*** Opening Recorded data ***
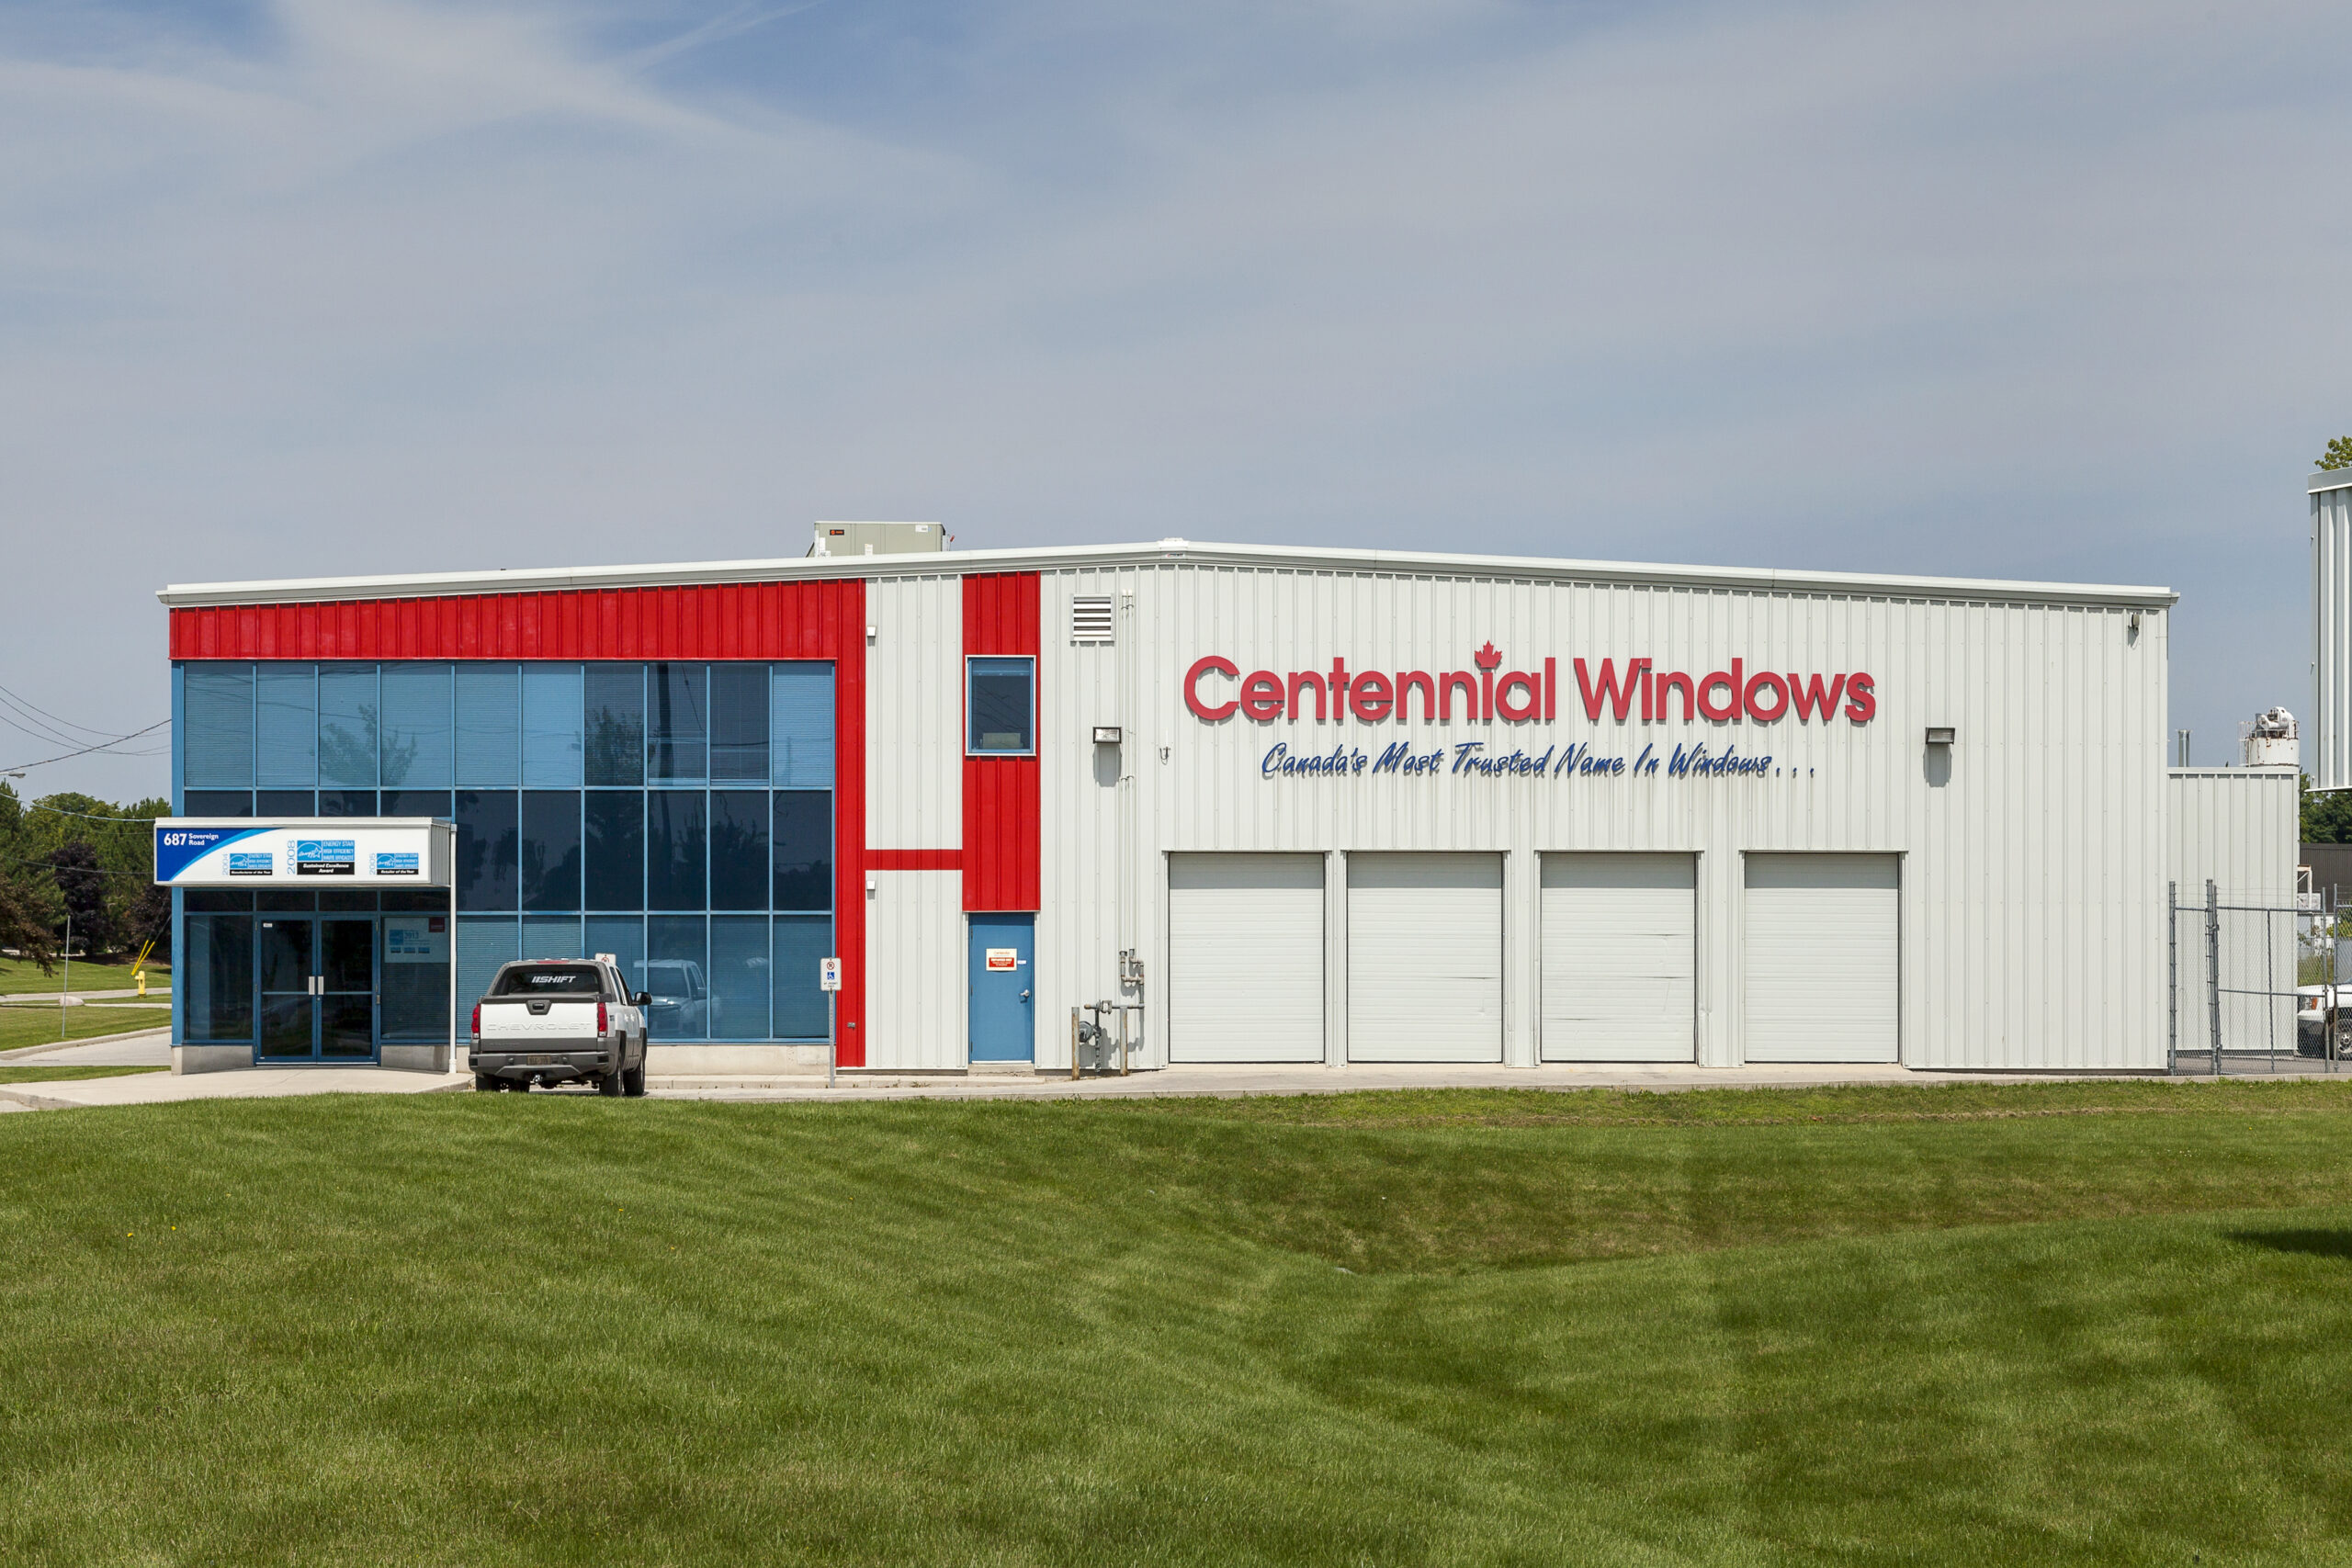 Supporting image for Centennial Windows
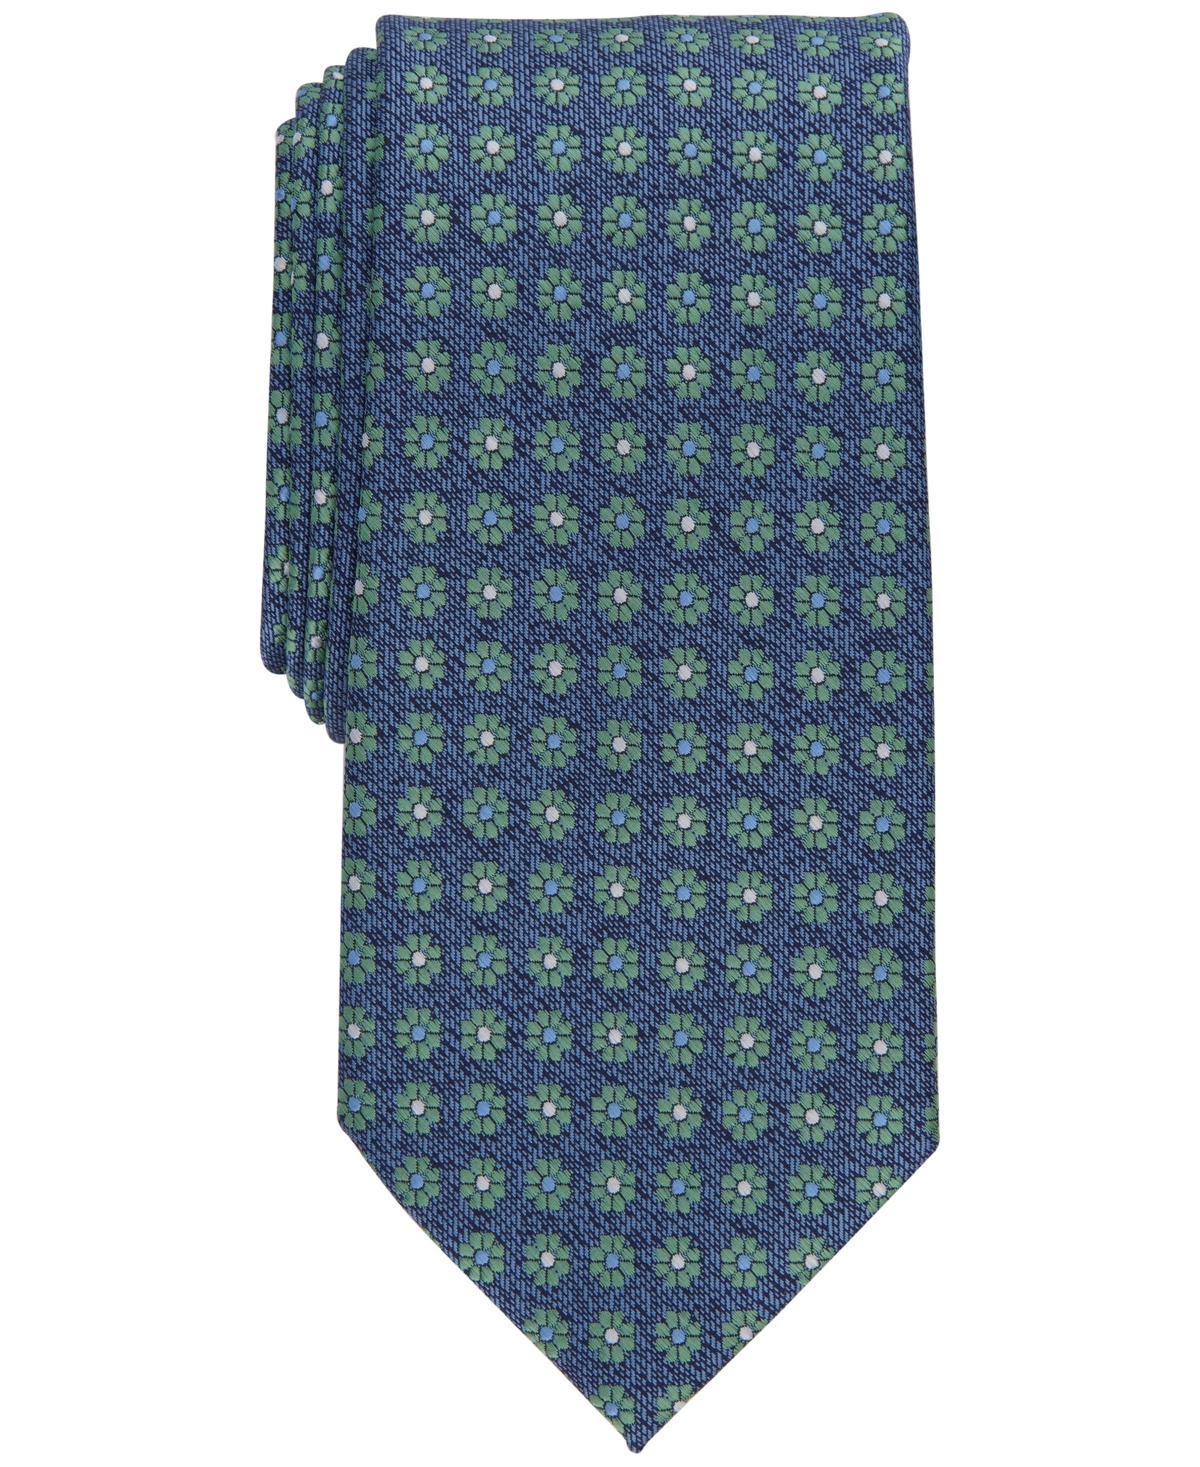 Men's Myrtle Medallion Tie, Created for Macy's - Green
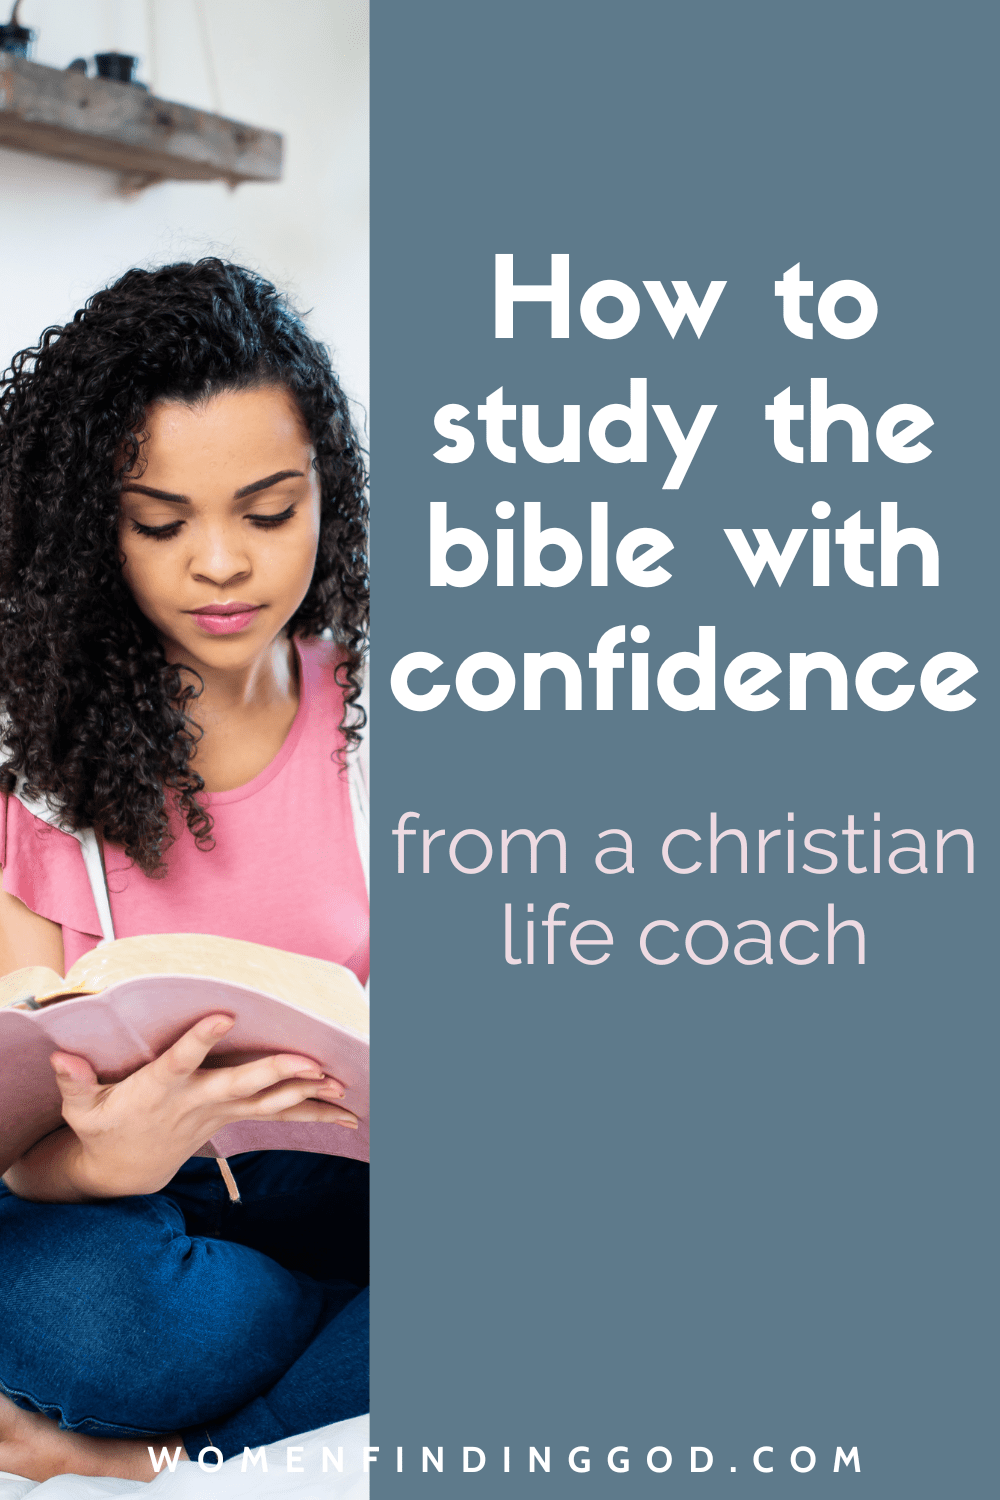 Are you ready to learn how to study the bible yourself? Learn 5 ways to study the bible without a guide or videos and how to choose a bible - so you can actually understand what you’re reading. Plus, tips about how to decide what to study in your bible, the best bible study tools for beginners, and what do you when you fail behind in your bible study. Everything you need to know when you are learning how to study the bible as a beginner!
*** Closing Recorded data ***
> **Work to be completed**
Set out the material once more, exact in every line, with no images.

> **Problem solution**
 Supporting image for Centennial Windows
 Men's Myrtle Medallion Tie, Created for Macy's - Green
 Are you ready to learn how to study the bible yourself? Learn 5 ways to study the bible without a guide or videos and how to choose a bible - so you can actually understand what you’re reading. Plus, tips about how to decide what to study in your bible, the best bible study tools for beginners, and what do you when you fail behind in your bible study. Everything you need to know when you are learning how to study the bible as a beginner!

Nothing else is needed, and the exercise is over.